* Input:
= Beginning of Section =

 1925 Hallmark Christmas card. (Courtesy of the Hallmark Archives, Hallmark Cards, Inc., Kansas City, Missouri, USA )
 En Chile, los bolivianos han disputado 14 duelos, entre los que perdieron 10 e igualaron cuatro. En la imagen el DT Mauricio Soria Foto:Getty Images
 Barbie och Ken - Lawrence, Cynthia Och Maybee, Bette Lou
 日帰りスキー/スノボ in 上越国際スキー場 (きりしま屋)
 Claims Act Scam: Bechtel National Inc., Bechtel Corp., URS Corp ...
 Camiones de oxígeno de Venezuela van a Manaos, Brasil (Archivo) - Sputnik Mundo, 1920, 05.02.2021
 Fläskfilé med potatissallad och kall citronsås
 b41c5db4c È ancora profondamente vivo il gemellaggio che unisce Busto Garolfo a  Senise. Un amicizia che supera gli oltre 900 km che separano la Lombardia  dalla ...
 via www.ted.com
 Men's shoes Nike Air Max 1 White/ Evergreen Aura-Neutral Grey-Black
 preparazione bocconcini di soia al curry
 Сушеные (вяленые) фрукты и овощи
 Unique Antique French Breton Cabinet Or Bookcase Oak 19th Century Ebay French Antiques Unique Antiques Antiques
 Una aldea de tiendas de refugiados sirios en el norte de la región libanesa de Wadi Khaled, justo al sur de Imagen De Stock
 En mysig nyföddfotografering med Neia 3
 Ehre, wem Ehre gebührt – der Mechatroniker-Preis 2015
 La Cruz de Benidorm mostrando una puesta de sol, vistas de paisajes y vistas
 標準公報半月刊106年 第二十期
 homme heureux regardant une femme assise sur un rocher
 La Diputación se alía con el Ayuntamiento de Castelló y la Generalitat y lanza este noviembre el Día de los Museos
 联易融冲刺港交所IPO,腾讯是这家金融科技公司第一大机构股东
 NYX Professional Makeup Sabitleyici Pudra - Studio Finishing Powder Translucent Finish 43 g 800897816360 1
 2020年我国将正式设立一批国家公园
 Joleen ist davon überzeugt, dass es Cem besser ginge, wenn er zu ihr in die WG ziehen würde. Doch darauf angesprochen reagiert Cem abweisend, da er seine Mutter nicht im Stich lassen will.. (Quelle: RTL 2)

= End of Section =

* Work required:
In the material above, find the line containing "Camiones de oxígeno" and the line containing "homme heureux regardant", then write out exactly those two lines and every line between them, and nothing more.

* Completed exercise:
 Camiones de oxígeno de Venezuela van a Manaos, Brasil (Archivo) - Sputnik Mundo, 1920, 05.02.2021
 Fläskfilé med potatissallad och kall citronsås
 b41c5db4c È ancora profondamente vivo il gemellaggio che unisce Busto Garolfo a  Senise. Un amicizia che supera gli oltre 900 km che separano la Lombardia  dalla ...
 via www.ted.com
 Men's shoes Nike Air Max 1 White/ Evergreen Aura-Neutral Grey-Black
 preparazione bocconcini di soia al curry
 Сушеные (вяленые) фрукты и овощи
 Unique Antique French Breton Cabinet Or Bookcase Oak 19th Century Ebay French Antiques Unique Antiques Antiques
 Una aldea de tiendas de refugiados sirios en el norte de la región libanesa de Wadi Khaled, justo al sur de Imagen De Stock
 En mysig nyföddfotografering med Neia 3
 Ehre, wem Ehre gebührt – der Mechatroniker-Preis 2015
 La Cruz de Benidorm mostrando una puesta de sol, vistas de paisajes y vistas
 標準公報半月刊106年 第二十期
 homme heureux regardant une femme assise sur un rocher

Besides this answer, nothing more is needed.